> **Assigned task**
Starting at the first line, copy the data below through to the end, exactly.
··· Information provided ···
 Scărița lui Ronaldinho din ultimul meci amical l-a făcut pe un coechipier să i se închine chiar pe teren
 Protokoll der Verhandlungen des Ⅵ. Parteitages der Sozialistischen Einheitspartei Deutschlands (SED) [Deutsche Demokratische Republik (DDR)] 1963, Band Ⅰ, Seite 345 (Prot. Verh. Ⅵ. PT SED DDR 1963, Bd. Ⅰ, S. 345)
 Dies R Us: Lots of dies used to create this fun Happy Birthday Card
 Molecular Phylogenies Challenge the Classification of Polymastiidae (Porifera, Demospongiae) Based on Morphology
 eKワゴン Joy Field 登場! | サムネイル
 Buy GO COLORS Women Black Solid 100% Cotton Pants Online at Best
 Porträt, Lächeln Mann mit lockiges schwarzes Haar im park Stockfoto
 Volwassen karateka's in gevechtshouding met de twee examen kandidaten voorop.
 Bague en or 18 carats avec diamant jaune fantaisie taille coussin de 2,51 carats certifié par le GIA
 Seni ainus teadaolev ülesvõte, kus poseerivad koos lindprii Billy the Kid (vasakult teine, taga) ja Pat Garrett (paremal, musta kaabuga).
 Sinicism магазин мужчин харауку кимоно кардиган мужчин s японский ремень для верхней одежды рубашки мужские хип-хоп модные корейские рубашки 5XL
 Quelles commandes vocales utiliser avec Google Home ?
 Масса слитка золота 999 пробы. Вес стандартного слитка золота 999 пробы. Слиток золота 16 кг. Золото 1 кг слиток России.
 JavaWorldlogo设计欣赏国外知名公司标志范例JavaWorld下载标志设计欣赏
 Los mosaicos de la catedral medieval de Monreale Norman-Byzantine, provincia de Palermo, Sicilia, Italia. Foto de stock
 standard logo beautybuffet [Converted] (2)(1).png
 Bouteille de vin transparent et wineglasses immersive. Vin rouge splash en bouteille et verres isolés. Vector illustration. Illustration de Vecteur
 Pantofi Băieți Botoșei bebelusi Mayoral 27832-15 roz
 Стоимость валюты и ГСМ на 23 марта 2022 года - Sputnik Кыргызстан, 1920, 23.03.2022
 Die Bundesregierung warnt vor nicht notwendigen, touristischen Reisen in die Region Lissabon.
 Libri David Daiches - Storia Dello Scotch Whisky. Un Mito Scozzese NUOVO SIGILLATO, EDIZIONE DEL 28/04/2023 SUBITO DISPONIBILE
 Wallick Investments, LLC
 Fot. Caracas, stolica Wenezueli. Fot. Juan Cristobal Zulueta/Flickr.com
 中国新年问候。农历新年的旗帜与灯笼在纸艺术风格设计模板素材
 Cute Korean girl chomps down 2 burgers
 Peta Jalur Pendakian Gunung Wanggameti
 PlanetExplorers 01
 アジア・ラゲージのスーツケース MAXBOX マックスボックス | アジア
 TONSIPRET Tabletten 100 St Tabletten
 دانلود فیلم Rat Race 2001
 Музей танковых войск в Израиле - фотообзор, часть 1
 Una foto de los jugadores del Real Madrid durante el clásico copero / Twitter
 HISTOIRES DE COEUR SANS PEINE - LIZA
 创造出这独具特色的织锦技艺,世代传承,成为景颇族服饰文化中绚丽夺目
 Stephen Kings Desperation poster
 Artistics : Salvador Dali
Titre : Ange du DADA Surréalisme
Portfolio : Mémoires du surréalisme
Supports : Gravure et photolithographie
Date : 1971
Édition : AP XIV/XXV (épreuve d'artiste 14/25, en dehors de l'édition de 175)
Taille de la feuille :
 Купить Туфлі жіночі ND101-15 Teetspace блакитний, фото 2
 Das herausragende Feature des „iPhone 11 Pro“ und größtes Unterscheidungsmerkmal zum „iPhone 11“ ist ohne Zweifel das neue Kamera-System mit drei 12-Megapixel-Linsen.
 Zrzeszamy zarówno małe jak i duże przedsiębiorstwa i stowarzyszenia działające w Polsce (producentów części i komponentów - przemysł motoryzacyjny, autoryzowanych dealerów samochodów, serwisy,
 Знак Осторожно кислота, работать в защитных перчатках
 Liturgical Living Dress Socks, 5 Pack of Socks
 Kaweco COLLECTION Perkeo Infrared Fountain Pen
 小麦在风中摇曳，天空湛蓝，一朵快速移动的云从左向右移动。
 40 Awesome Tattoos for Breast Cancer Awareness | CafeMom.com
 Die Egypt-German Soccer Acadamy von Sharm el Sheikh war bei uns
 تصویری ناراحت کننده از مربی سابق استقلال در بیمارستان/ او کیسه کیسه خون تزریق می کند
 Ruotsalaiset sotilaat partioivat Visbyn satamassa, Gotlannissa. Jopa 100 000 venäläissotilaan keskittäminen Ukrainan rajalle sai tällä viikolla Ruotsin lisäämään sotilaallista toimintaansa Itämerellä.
···
> **Response to this task**
 Scărița lui Ronaldinho din ultimul meci amical l-a făcut pe un coechipier să i se închine chiar pe teren
 Protokoll der Verhandlungen des Ⅵ. Parteitages der Sozialistischen Einheitspartei Deutschlands (SED) [Deutsche Demokratische Republik (DDR)] 1963, Band Ⅰ, Seite 345 (Prot. Verh. Ⅵ. PT SED DDR 1963, Bd. Ⅰ, S. 345)
 Dies R Us: Lots of dies used to create this fun Happy Birthday Card
 Molecular Phylogenies Challenge the Classification of Polymastiidae (Porifera, Demospongiae) Based on Morphology
 eKワゴン Joy Field 登場! | サムネイル
 Buy GO COLORS Women Black Solid 100% Cotton Pants Online at Best
 Porträt, Lächeln Mann mit lockiges schwarzes Haar im park Stockfoto
 Volwassen karateka's in gevechtshouding met de twee examen kandidaten voorop.
 Bague en or 18 carats avec diamant jaune fantaisie taille coussin de 2,51 carats certifié par le GIA
 Seni ainus teadaolev ülesvõte, kus poseerivad koos lindprii Billy the Kid (vasakult teine, taga) ja Pat Garrett (paremal, musta kaabuga).
 Sinicism магазин мужчин харауку кимоно кардиган мужчин s японский ремень для верхней одежды рубашки мужские хип-хоп модные корейские рубашки 5XL
 Quelles commandes vocales utiliser avec Google Home ?
 Масса слитка золота 999 пробы. Вес стандартного слитка золота 999 пробы. Слиток золота 16 кг. Золото 1 кг слиток России.
 JavaWorldlogo设计欣赏国外知名公司标志范例JavaWorld下载标志设计欣赏
 Los mosaicos de la catedral medieval de Monreale Norman-Byzantine, provincia de Palermo, Sicilia, Italia. Foto de stock
 standard logo beautybuffet [Converted] (2)(1).png
 Bouteille de vin transparent et wineglasses immersive. Vin rouge splash en bouteille et verres isolés. Vector illustration. Illustration de Vecteur
 Pantofi Băieți Botoșei bebelusi Mayoral 27832-15 roz
 Стоимость валюты и ГСМ на 23 марта 2022 года - Sputnik Кыргызстан, 1920, 23.03.2022
 Die Bundesregierung warnt vor nicht notwendigen, touristischen Reisen in die Region Lissabon.
 Libri David Daiches - Storia Dello Scotch Whisky. Un Mito Scozzese NUOVO SIGILLATO, EDIZIONE DEL 28/04/2023 SUBITO DISPONIBILE
 Wallick Investments, LLC
 Fot. Caracas, stolica Wenezueli. Fot. Juan Cristobal Zulueta/Flickr.com
 中国新年问候。农历新年的旗帜与灯笼在纸艺术风格设计模板素材
 Cute Korean girl chomps down 2 burgers
 Peta Jalur Pendakian Gunung Wanggameti
 PlanetExplorers 01
 アジア・ラゲージのスーツケース MAXBOX マックスボックス | アジア
 TONSIPRET Tabletten 100 St Tabletten
 دانلود فیلم Rat Race 2001
 Музей танковых войск в Израиле - фотообзор, часть 1
 Una foto de los jugadores del Real Madrid durante el clásico copero / Twitter
 HISTOIRES DE COEUR SANS PEINE - LIZA
 创造出这独具特色的织锦技艺,世代传承,成为景颇族服饰文化中绚丽夺目
 Stephen Kings Desperation poster
 Artistics : Salvador Dali
Titre : Ange du DADA Surréalisme
Portfolio : Mémoires du surréalisme
Supports : Gravure et photolithographie
Date : 1971
Édition : AP XIV/XXV (épreuve d'artiste 14/25, en dehors de l'édition de 175)
Taille de la feuille :
 Купить Туфлі жіночі ND101-15 Teetspace блакитний, фото 2
 Das herausragende Feature des „iPhone 11 Pro“ und größtes Unterscheidungsmerkmal zum „iPhone 11“ ist ohne Zweifel das neue Kamera-System mit drei 12-Megapixel-Linsen.
 Zrzeszamy zarówno małe jak i duże przedsiębiorstwa i stowarzyszenia działające w Polsce (producentów części i komponentów - przemysł motoryzacyjny, autoryzowanych dealerów samochodów, serwisy,
 Знак Осторожно кислота, работать в защитных перчатках
 Liturgical Living Dress Socks, 5 Pack of Socks
 Kaweco COLLECTION Perkeo Infrared Fountain Pen
 小麦在风中摇曳，天空湛蓝，一朵快速移动的云从左向右移动。
 40 Awesome Tattoos for Breast Cancer Awareness | CafeMom.com
 Die Egypt-German Soccer Acadamy von Sharm el Sheikh war bei uns
 تصویری ناراحت کننده از مربی سابق استقلال در بیمارستان/ او کیسه کیسه خون تزریق می کند
 Ruotsalaiset sotilaat partioivat Visbyn satamassa, Gotlannissa. Jopa 100 000 venäläissotilaan keskittäminen Ukrainan rajalle sai tällä viikolla Ruotsin lisäämään sotilaallista toimintaansa Itämerellä.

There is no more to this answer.